Arguments against soda fizzle when examined closely

By: David Martosko
Newspaper: The St. Louis Post-Dispatch

A coordinated cultural war is being waged against soft drinks. A Washington Post headline read: "Research suggests kids who drink a lot of soft drinks risk becoming fat, weak-boned, cavity-prone and caffeine-addicted." The Post-Dispatch said, "Sodas increase kids' risk of obesity, study reports." The effort to denormalize fizzy beverages generally emphasizes four flawed arguments.
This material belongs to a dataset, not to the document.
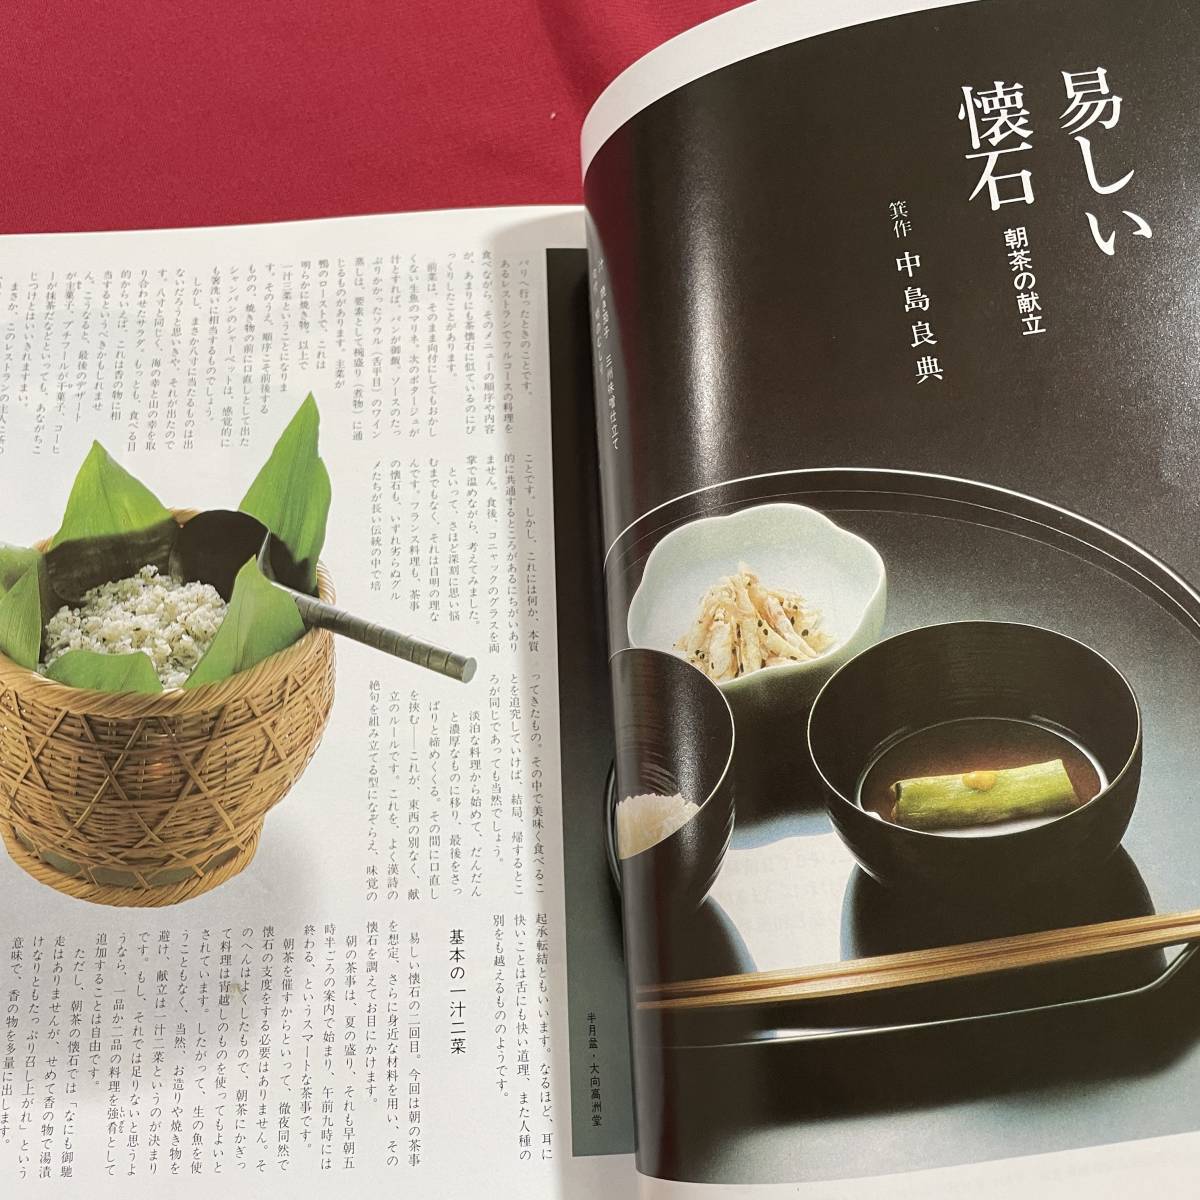  free shipping * four season. taste NO.38 summer * inside sunlight. French food morning tea. . stone unusual summer cooking curry rice 10 person 10 color * Showa era 57 year 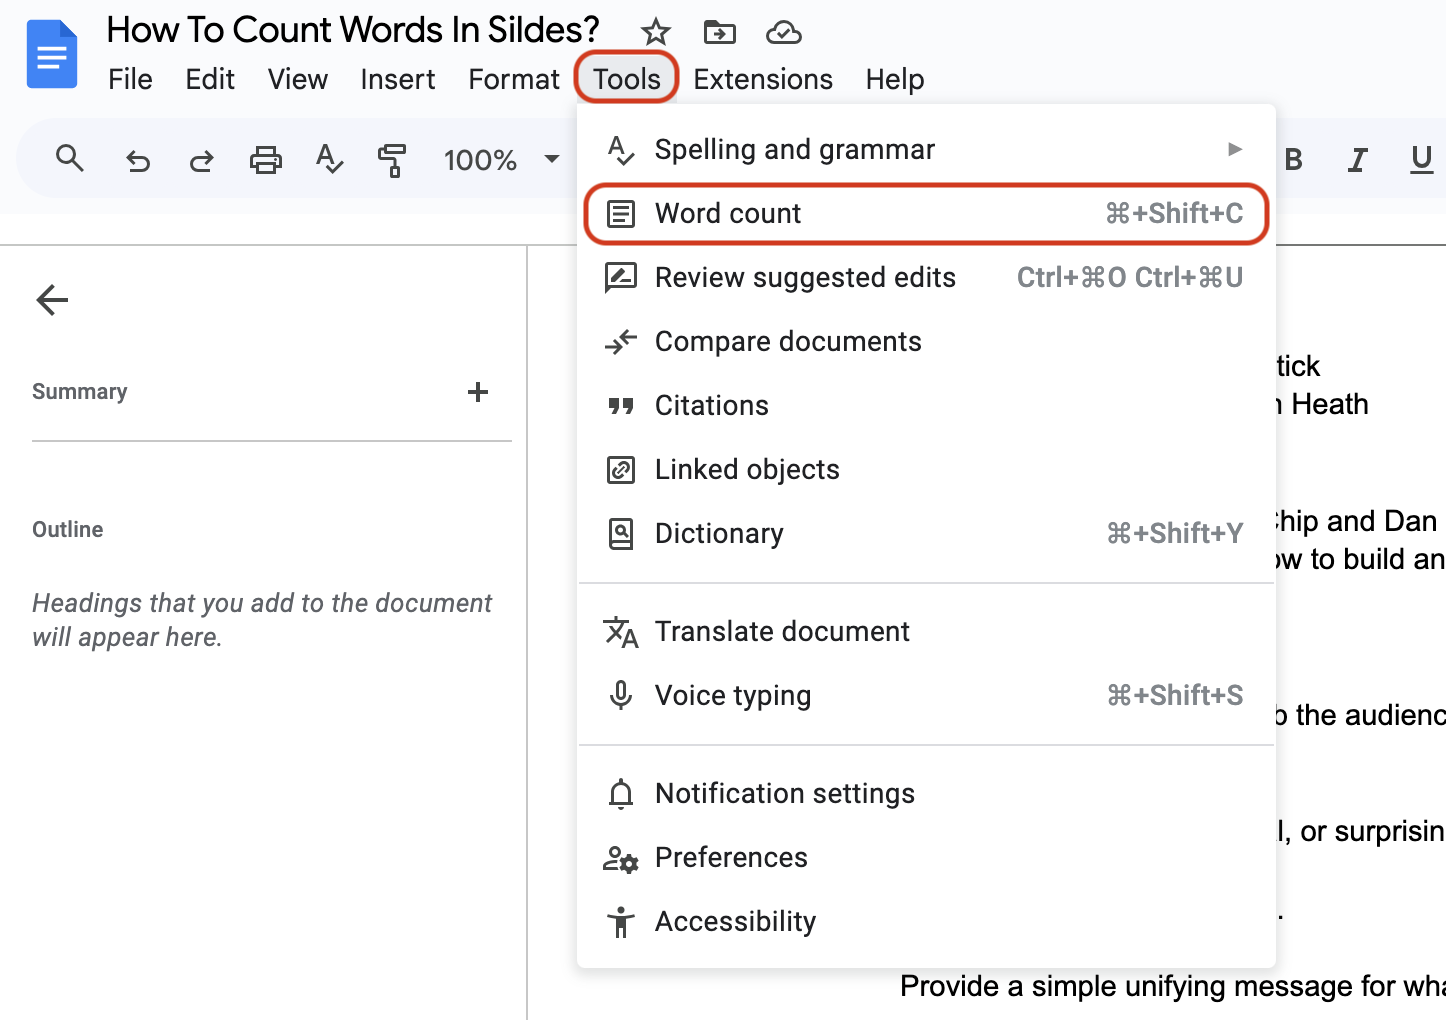 Go to Tools and Select Word Count

Harvard researcher David Ludwig's study in the British medical journal The Lancet claimed to connect soda drinking to obesity. However, a Lancet editorial observed that "a large proportion of the children (in Ludwig's study) were obese" to begin with, which, the Lancet points out, certainly affected the study's outcome.

Ludwig himself wrote "there is no clear evidence that consumption of sugar per se affects food intake in a unique manner or causes obesity." The obvious flaws in Ludwig's research also earned this response from the U.S. Centers for Disease Control and Prevention: "There are no data from the Harvard study that allow us to make an estimate of what proportion of obesity might be accounted for by changes in soft drink consumption."

The baseless contention that soft drink leads to caffeine dependence in kids depends entirely on the work of anti-soda activist Roland Griffiths. His research was designed to show that the popularity of caffeinated soft drinks comes from "the mood-altering and physical dependence of caffeine."

Alan Leshner, director of the National Institute of Drug Abuse (which funded Griffiths' research) argues this, noting that Griffiths' study included only 25 subjects, too few to allow real scientific conclusions. An earlier study by Griffiths was criticized by the International Food Information Council for trying to demonstrate caffeine addiction using a "sample size of only seven subjects," himself and six fellow researchers.

As for soft drink consumption causing tooth decay: In the United States, cavities have been on the decline among children at the same time their soda consumption has increased. Still, the Ohio Dental Association cautions that "acid begins to dissolve tooth enamel in only 20 minutes." So, swallow before 20 minutes are up -- and brush.

The myth that soft drinks can deplete bones of calcium lives on in the work of Harvard public health researcher Grace Wyshak. Last year, her study concluding that "girls who drank cola were about five times more likely to suffer bone fractures." Imagine what she might have written if she had actually measured her young subjects' bone density (she didn't), or if the participants had been asked how much soda they drank. (They weren't.)

In Wyshak's words: "the (study) design is cross-sectional and causality cannot be inferred from the data." This means her study did not prove her point.